Application of microcontainers, from which the site of delivery was controlled by an added enteric coating, allowed delivery of streptomycin locally in the gut in amounts sufficient for selective enhancement of introduced streptomycin-resistant E. coli in the cecum and colon of rats. The microcontainer delivery system did not affect the microbiota in jejunum and ileum, as opposed to the conventional delivery method of adding the antibiotic to the drinking water. This has implications for the use of microcontainer-delivered drugs in animal studies involving inoculation of resistant strains and in which only a local proliferation is desired. From the longer perspective, the application of microcontainers may open novel opportunities for antibiotic treatment of humans with fewer side effects on nontarget populations.
MATERIALS AND METHODS
Preparation of inoculum.
E. coli mCherry was derived from E. coli K-12 (MG1655) with a lacIq-GenR-mCherry gene chromosomally incorporated in the attTN7 site, which was kindly provided by Asmus K. Olesen, University of Copenhagen. We chose a fluorescence-expressing strain for easy visual verification. The genetically modified bacterium constitutively expresses fluorescent mCherry protein and is gentamicin resistant. For the study, a spontaneously streptomycin-resistant (MIC > 5 g/L) strain was isolated.
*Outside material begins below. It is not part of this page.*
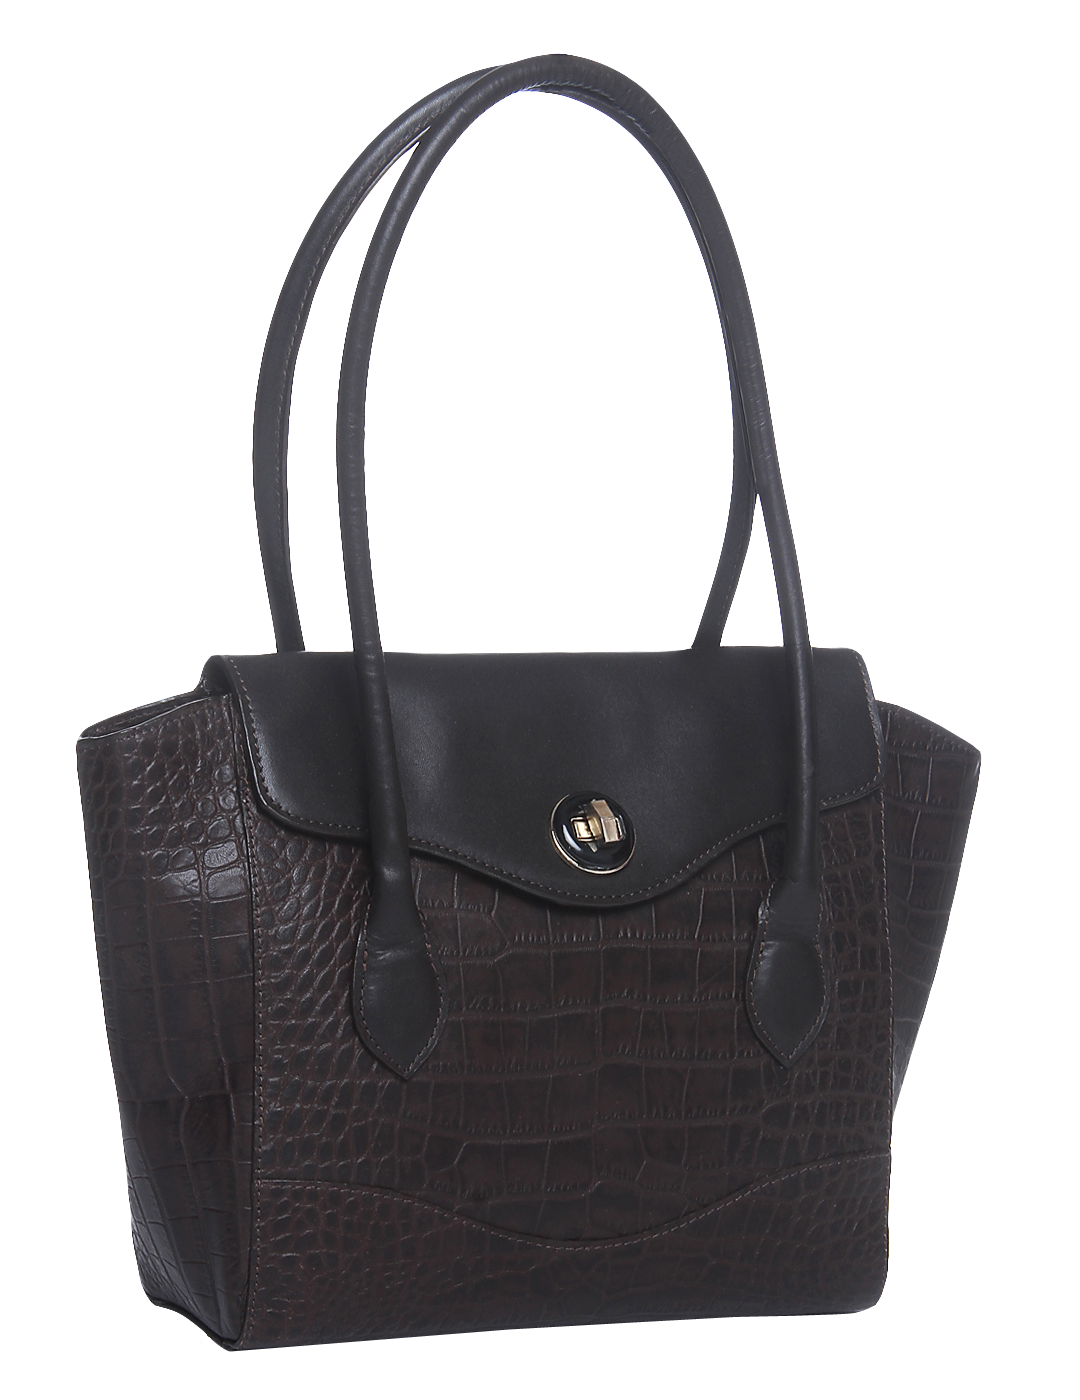 Elegant Black Leather Handbag PNG image

The streptomycin-resistant E. coli mCherry was stored in LB medium with 15% glycerol (SSI Diagnostica A/S) at −80°C until use.Before inoculation to rats, a Strr colony was transferred to LB broth supplemented with 20 μg/mL gentamicin and 100 μg/mL streptomycin overnight or 16 h at 37°C with shaking. The culture was centrifuged at 5,000 × g for 10 min, washed, and resuspended in sterile phosphate-buffered saline (PBS) to a cell density of 109 CFU/mL. An inoculum of 100 μL of this suspension, corresponding to 108 CFU, was given to each rat.
Fabrication, loading, and coating of microcontainers.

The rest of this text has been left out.